The material below is to be copied exactly from the line with "Higher Education Bubble" up to and including the line with "0038 tansania nd8", with nothing else kept and no pictures.

Extracted records Block Start

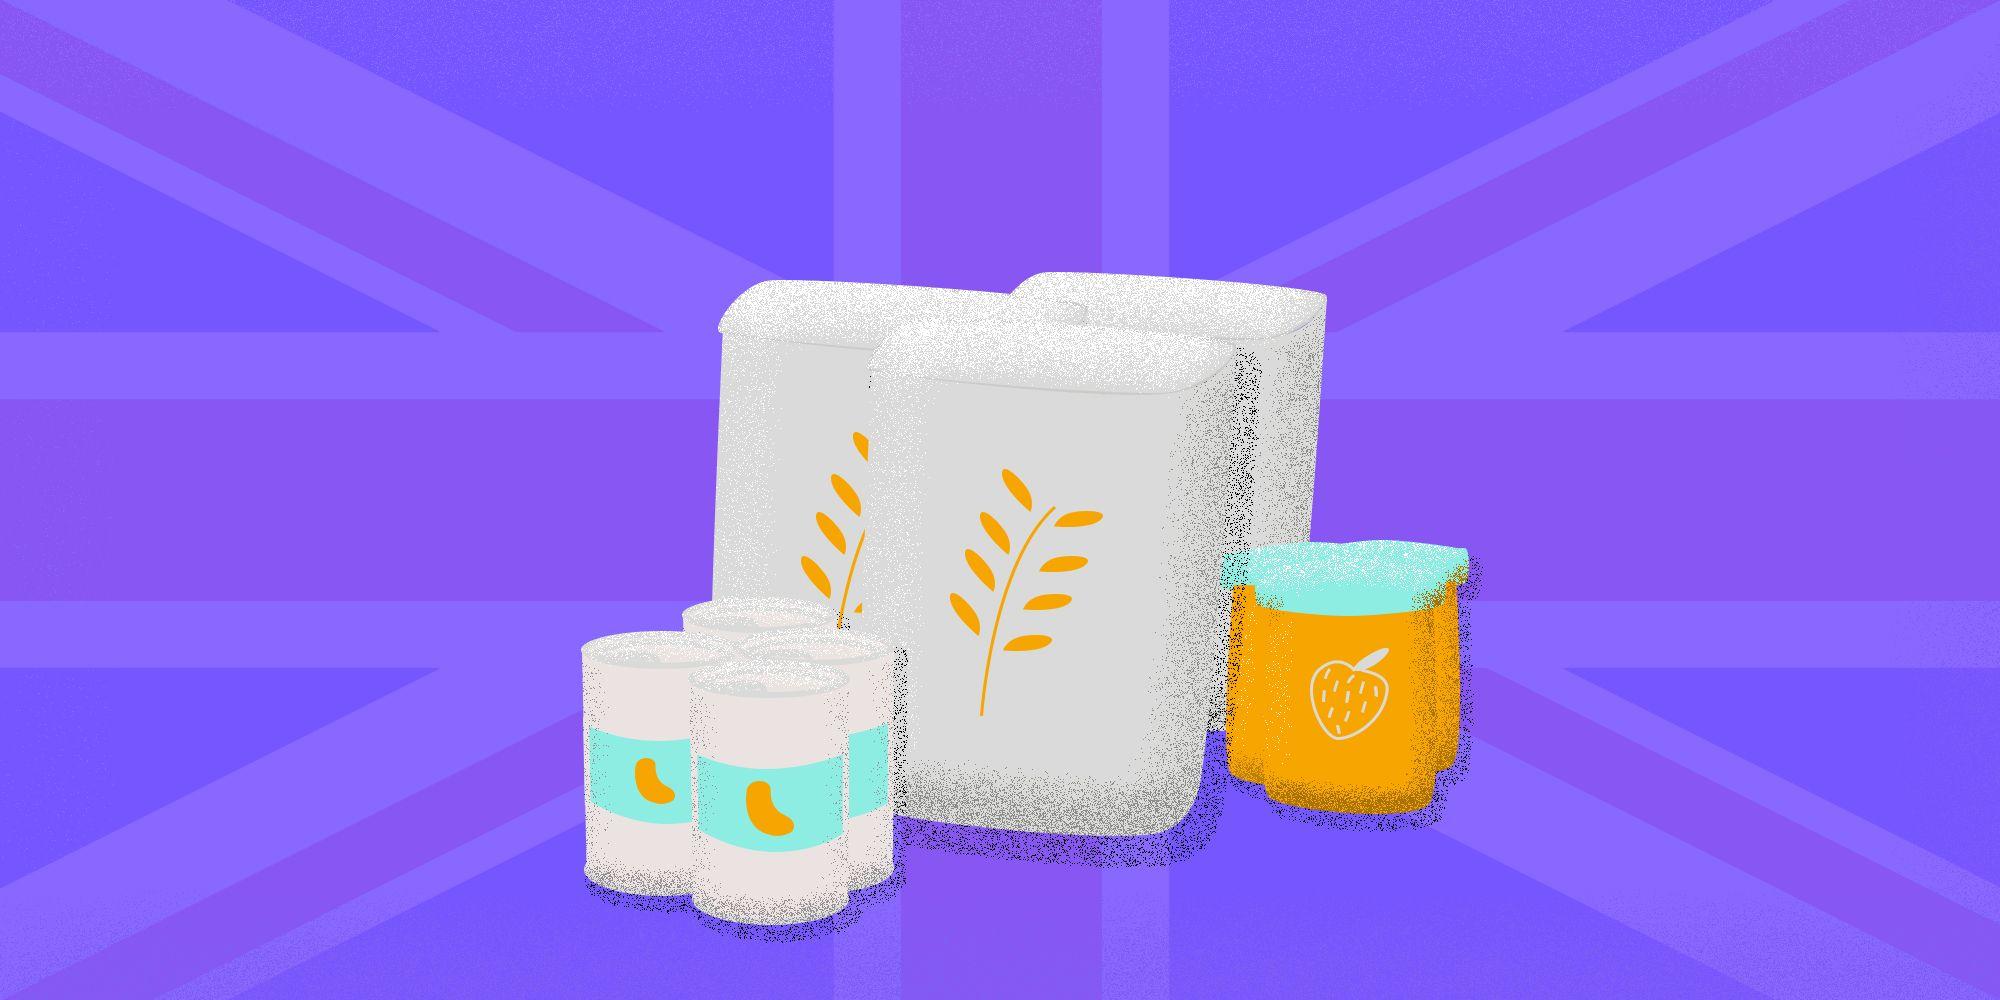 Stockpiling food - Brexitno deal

Extracted records Block End
Extracted records Block Start

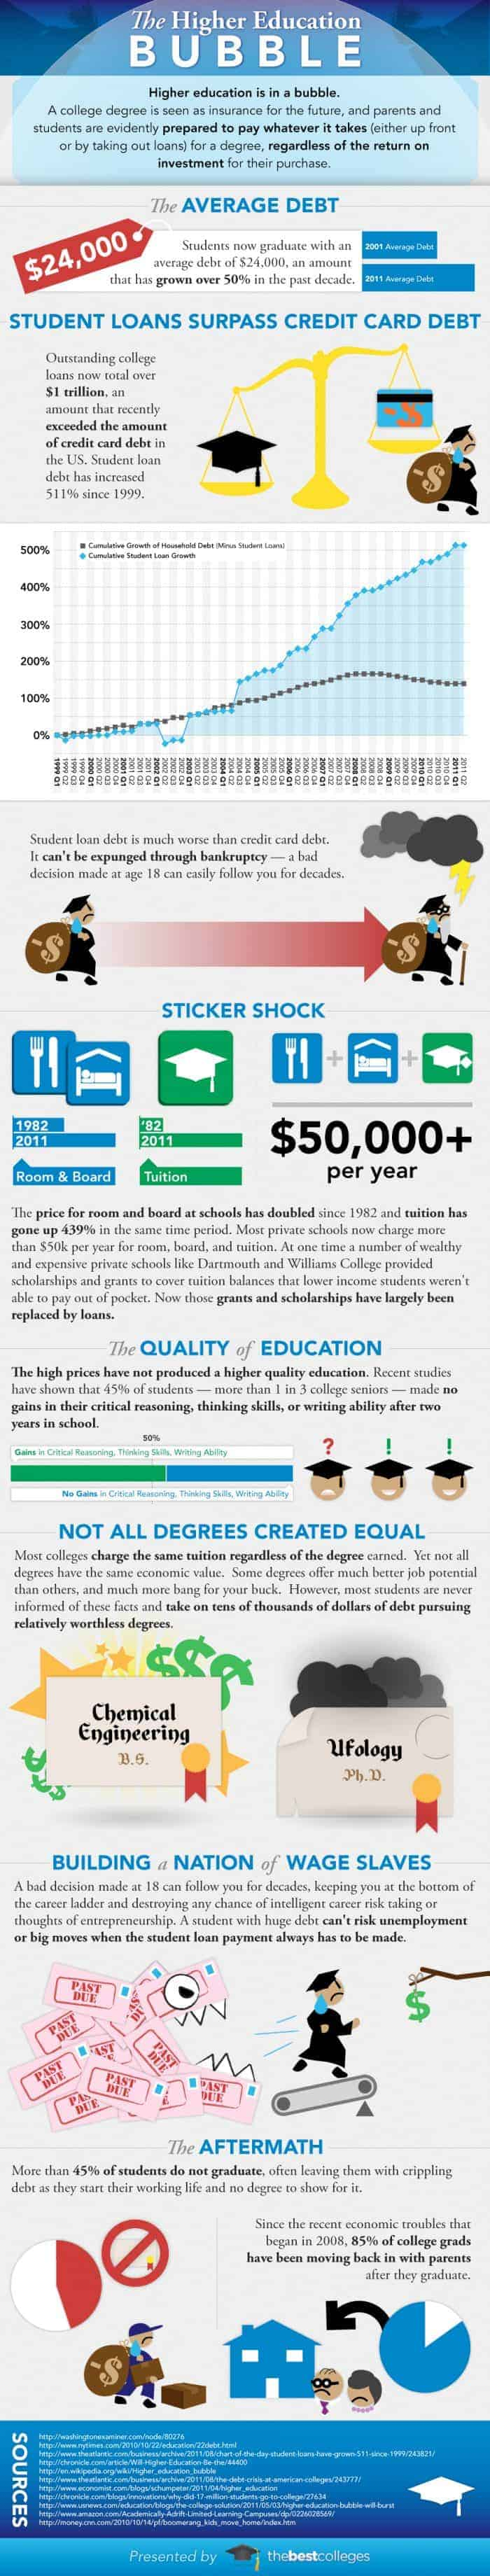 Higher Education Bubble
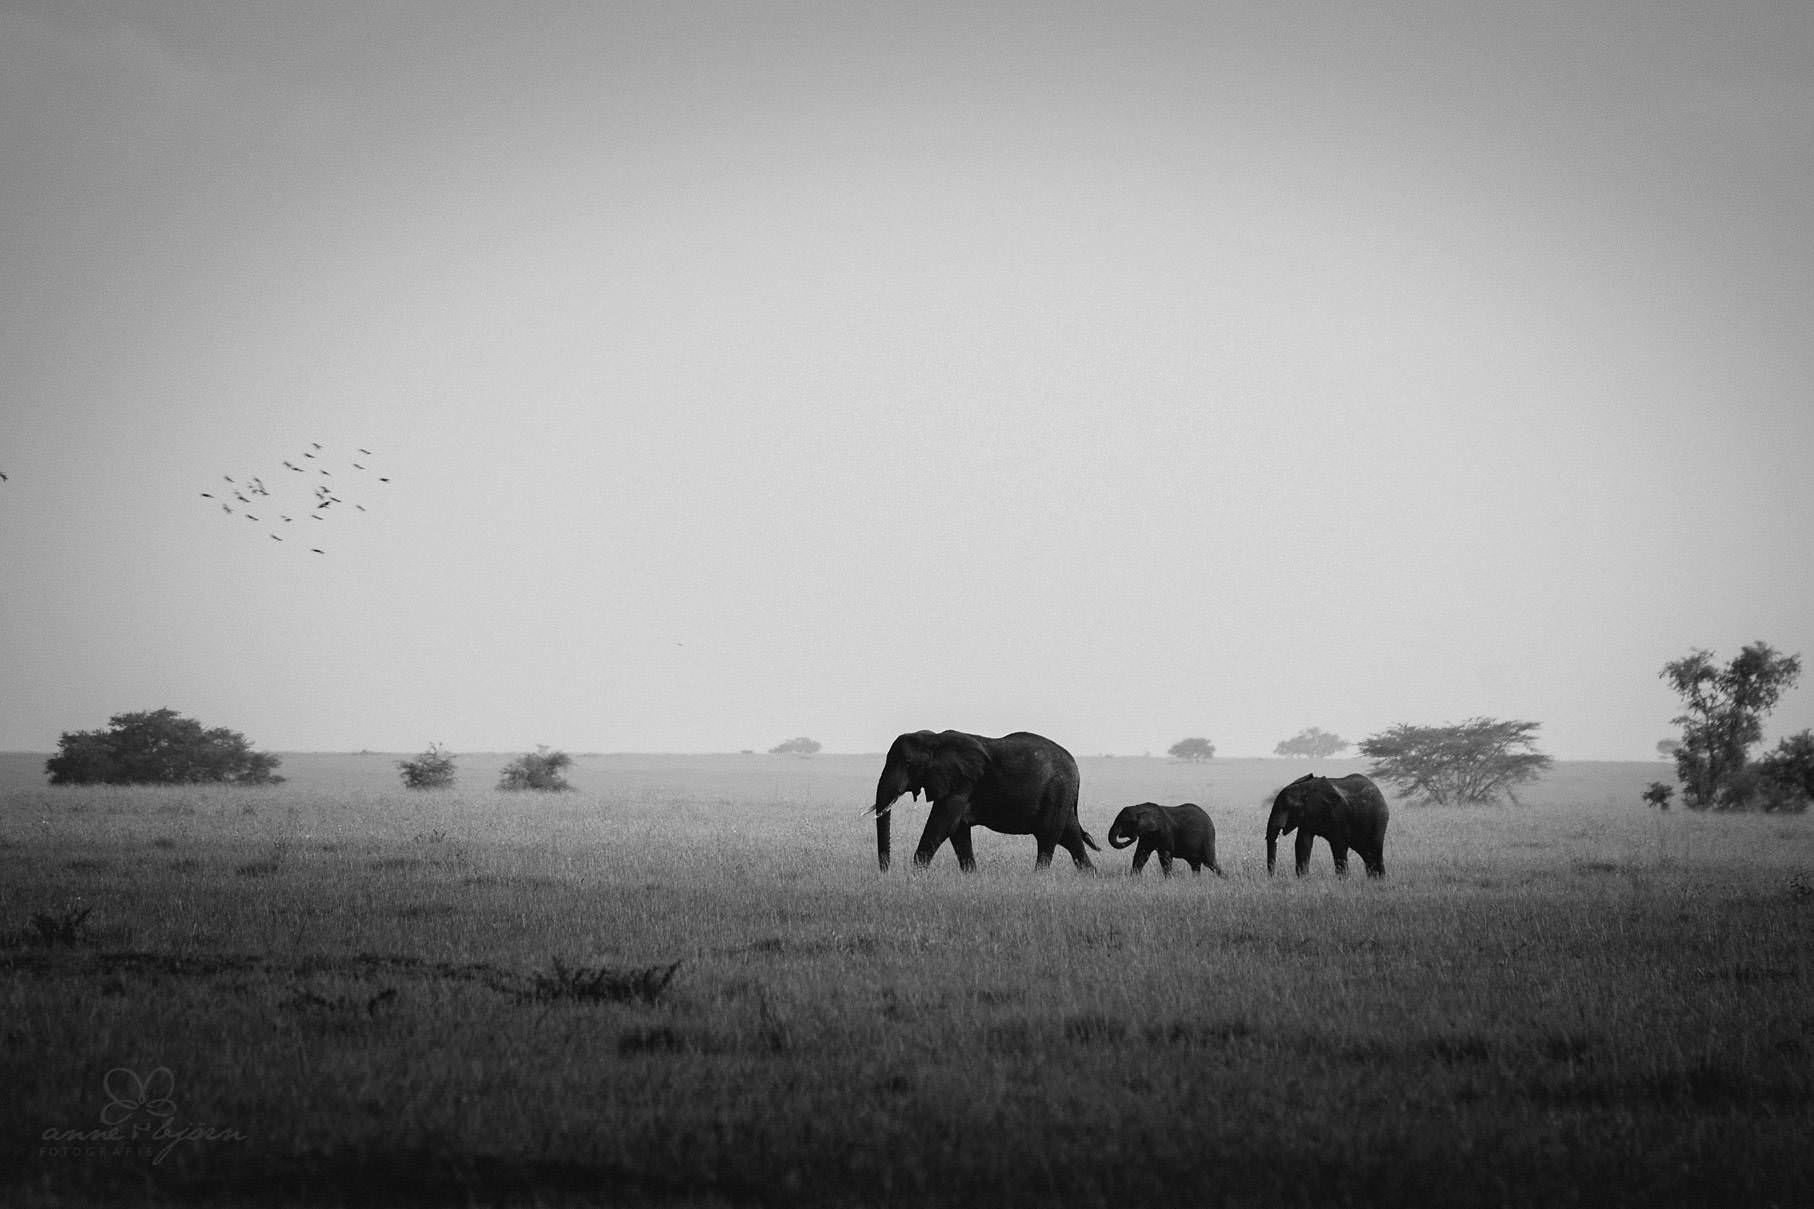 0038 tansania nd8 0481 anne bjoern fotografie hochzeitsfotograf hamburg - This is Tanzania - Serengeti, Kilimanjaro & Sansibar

Extracted records Block End

Expected answer –
 Higher Education Bubble
 0038 tansania nd8 0481 anne bjoern fotografie hochzeitsfotograf hamburg - This is Tanzania - Serengeti, Kilimanjaro & Sansibar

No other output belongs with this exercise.